(Source data Opens)

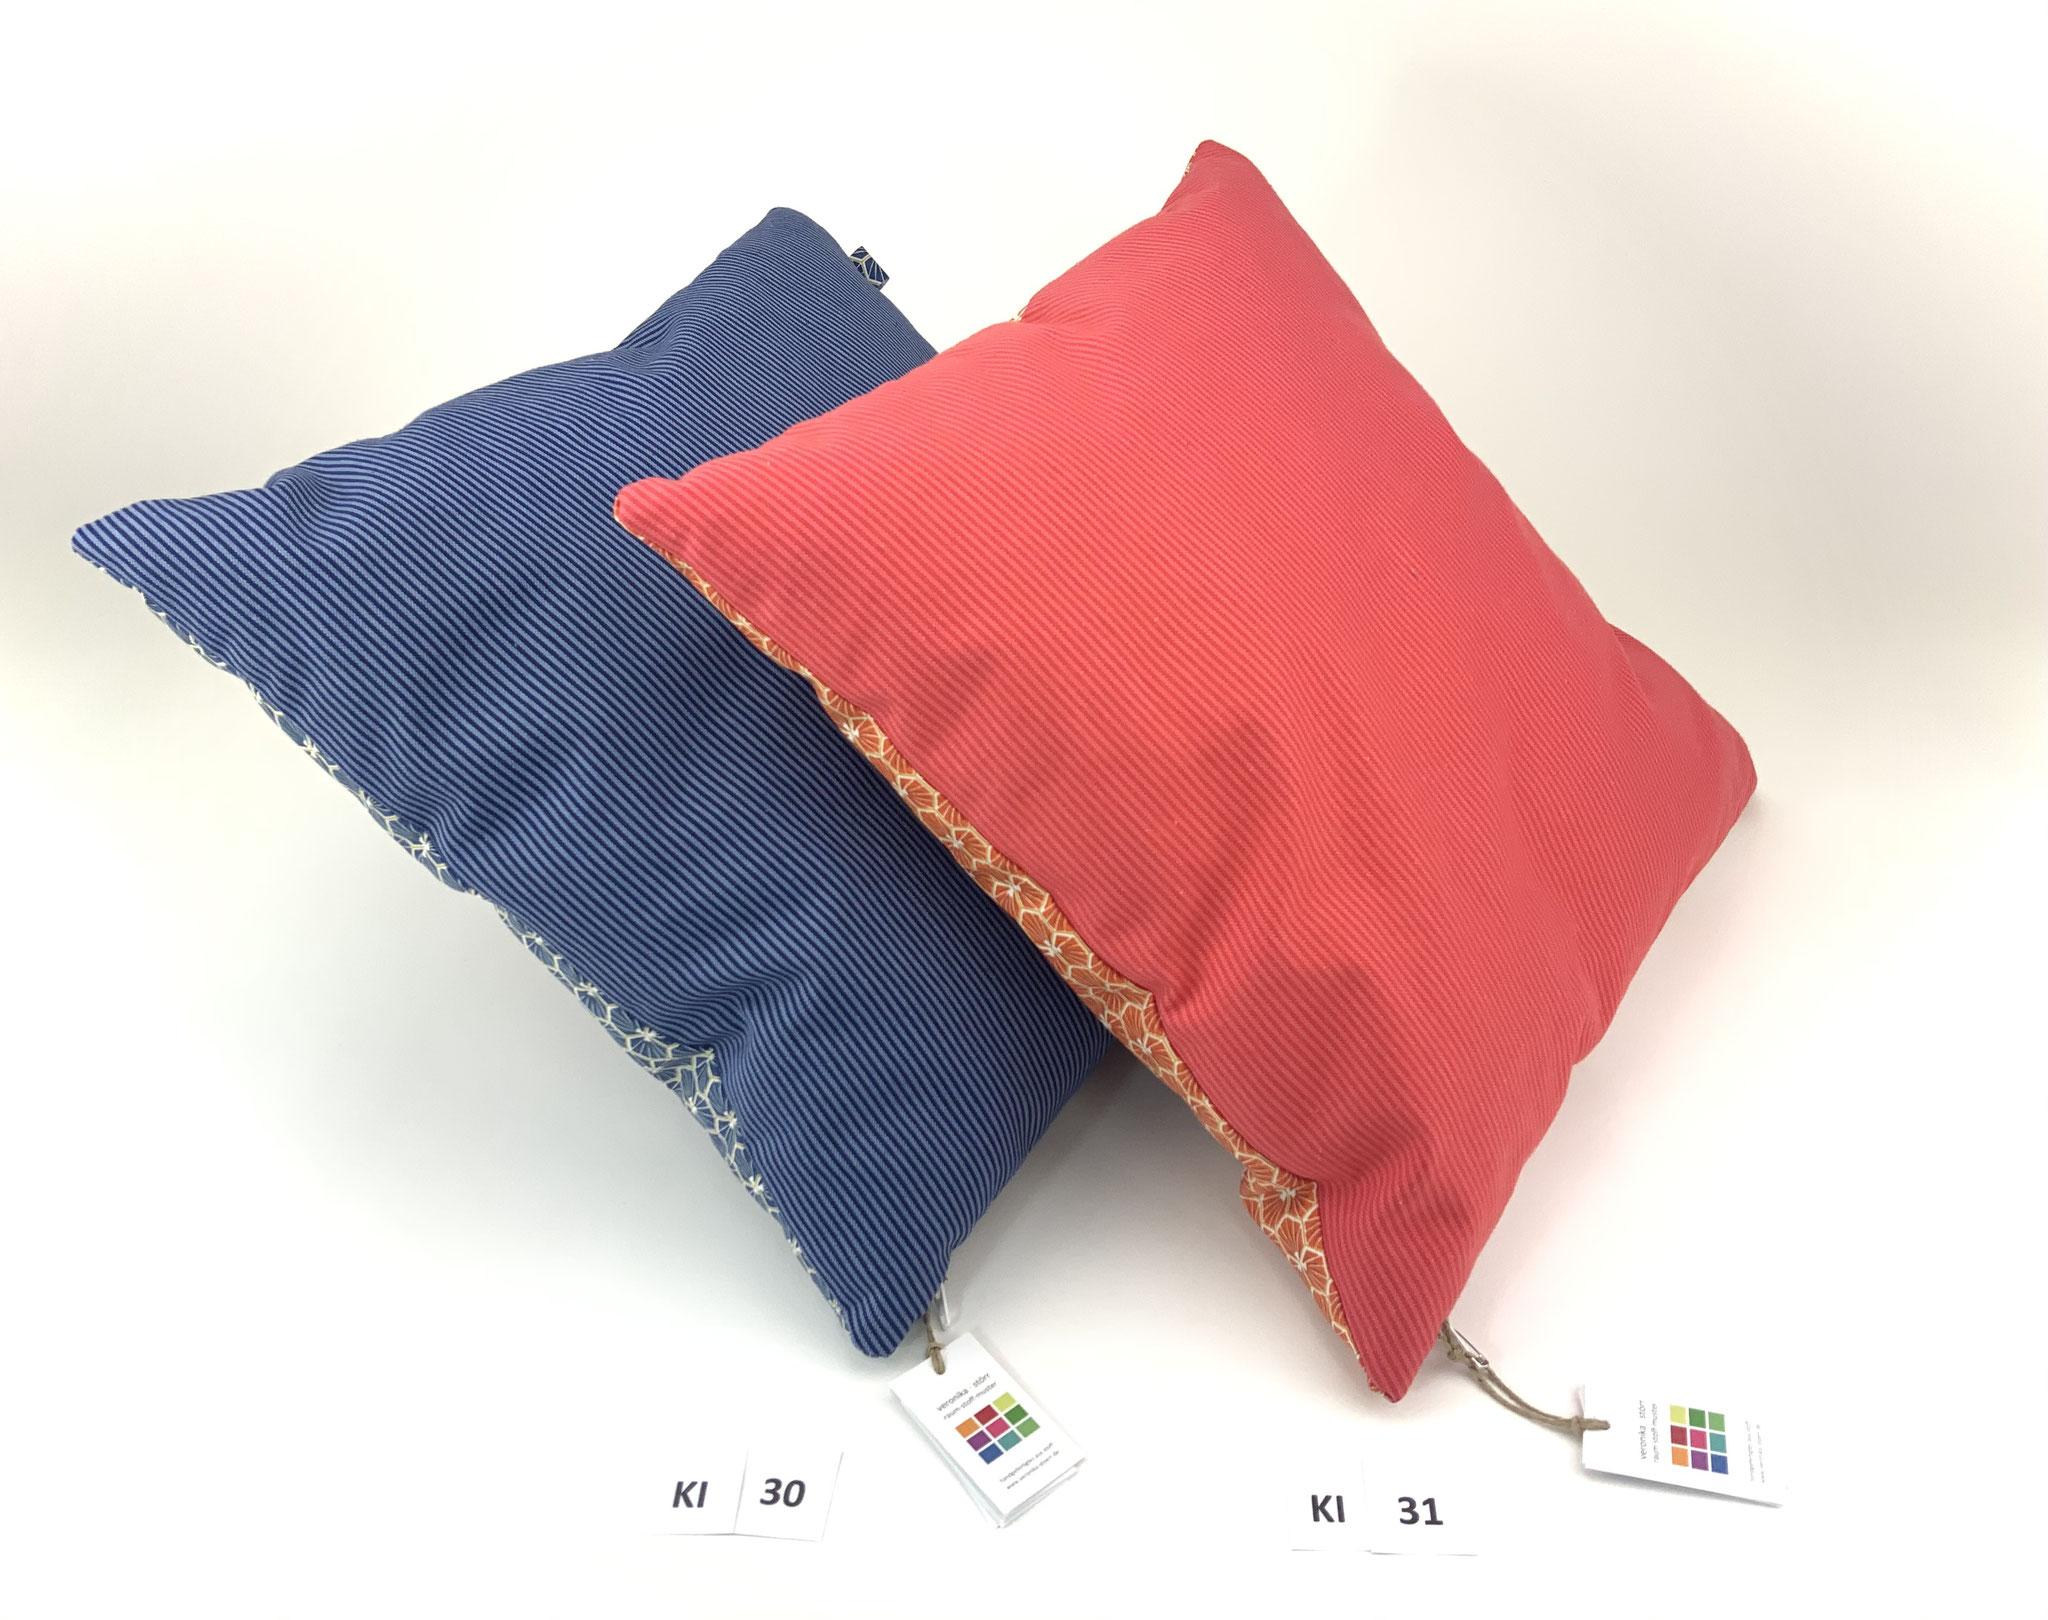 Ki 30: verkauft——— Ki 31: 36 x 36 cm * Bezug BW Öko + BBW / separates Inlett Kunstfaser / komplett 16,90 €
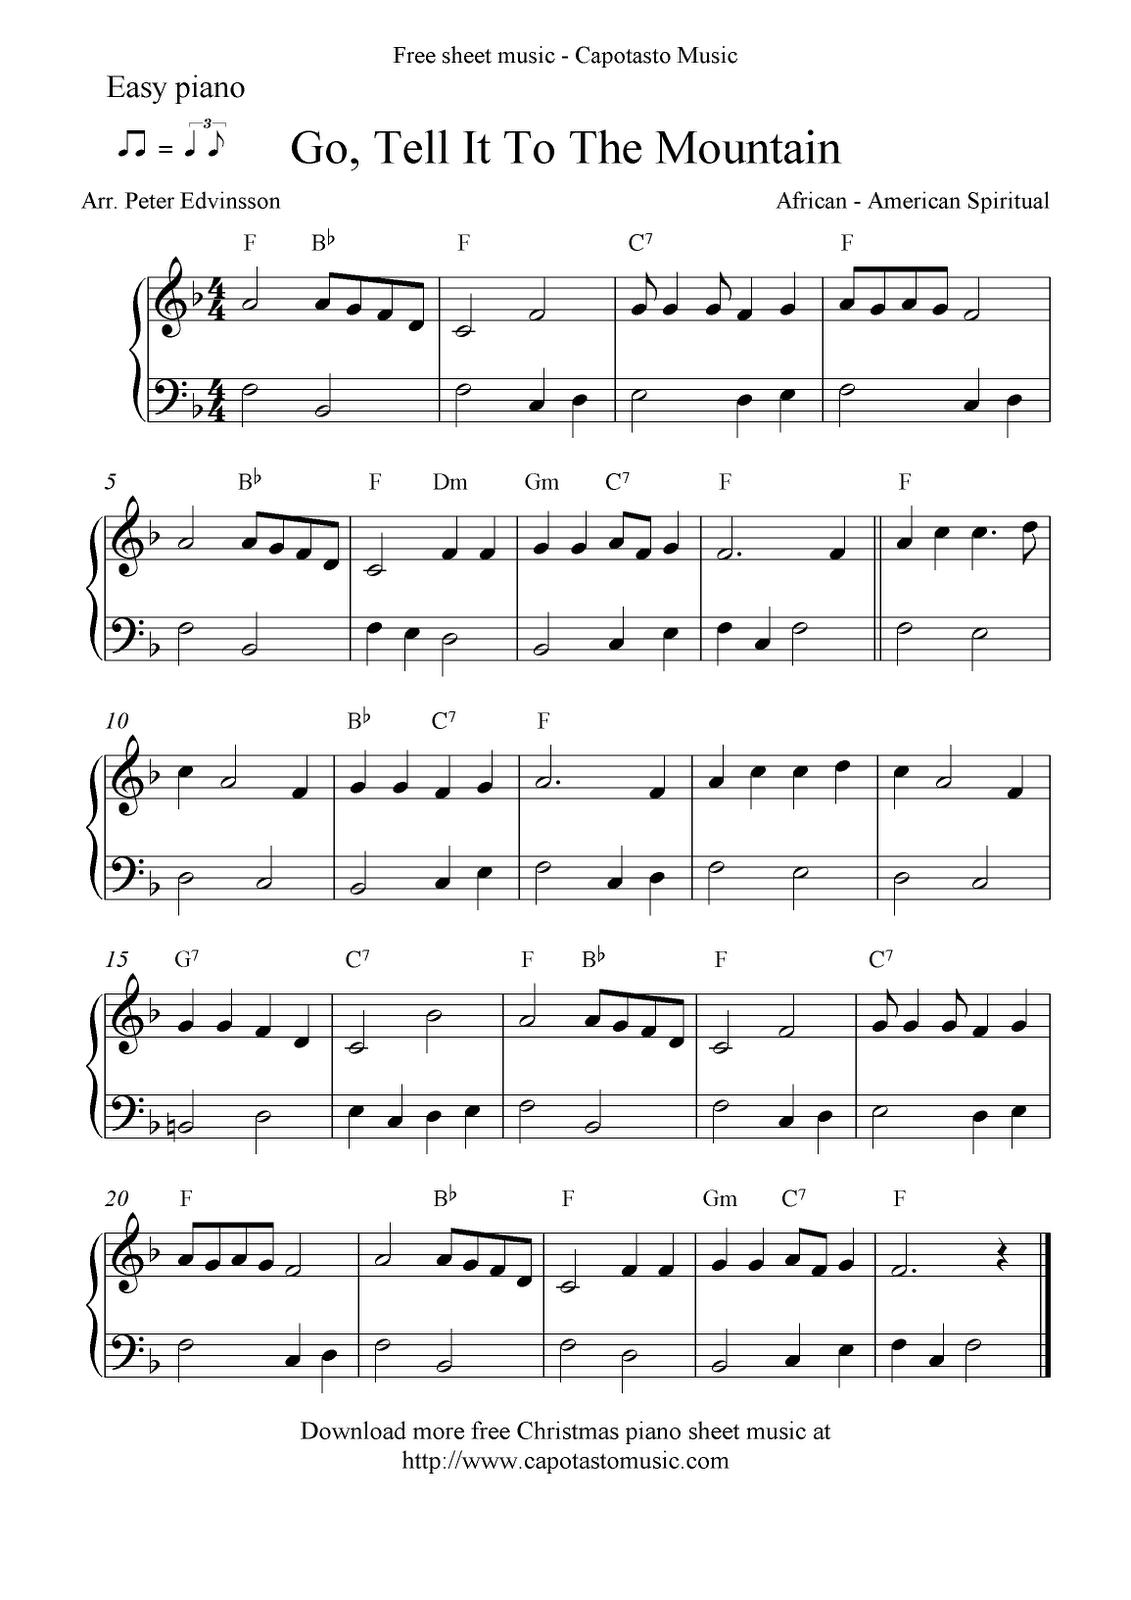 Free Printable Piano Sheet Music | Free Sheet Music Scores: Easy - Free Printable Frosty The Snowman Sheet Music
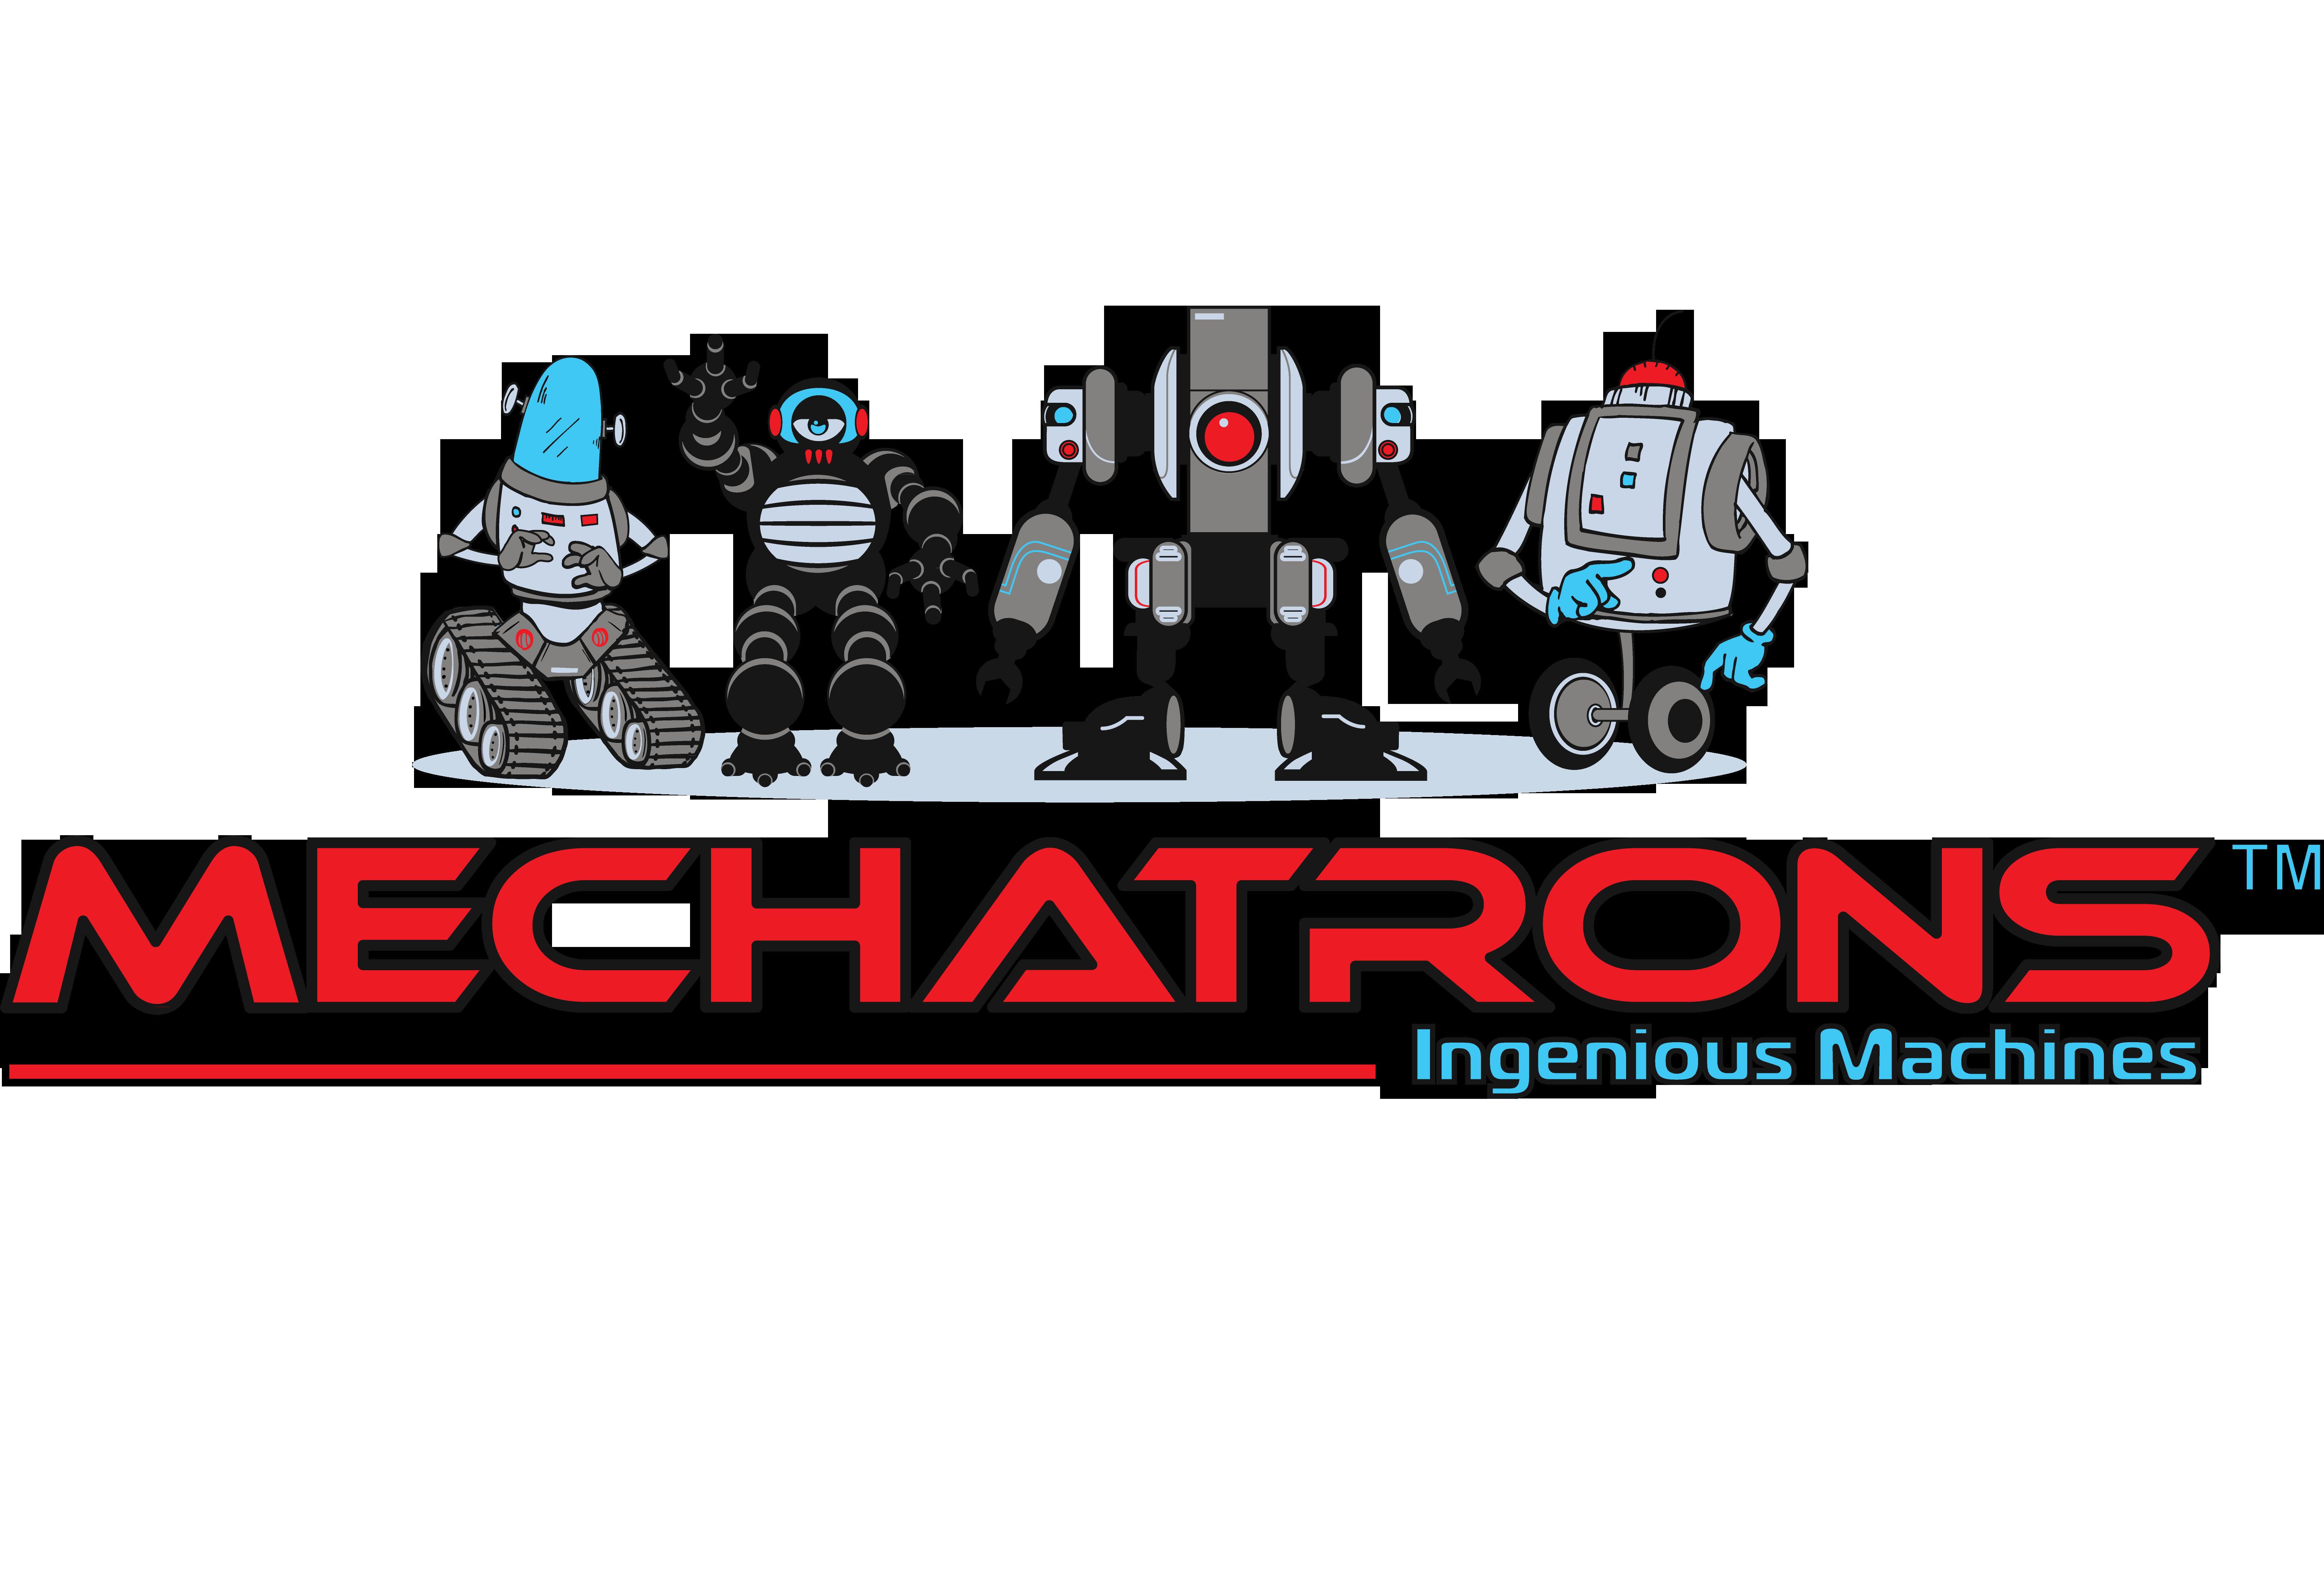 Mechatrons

(Source data Closes)

▶ **Description of the task**: Write out the data word for word, with every picture dropped.

▶ **Reply to the exercise**:
 Ki 30: verkauft——— Ki 31: 36 x 36 cm * Bezug BW Öko + BBW / separates Inlett Kunstfaser / komplett 16,90 €
 Free Printable Piano Sheet Music | Free Sheet Music Scores: Easy - Free Printable Frosty The Snowman Sheet Music
 Mechatrons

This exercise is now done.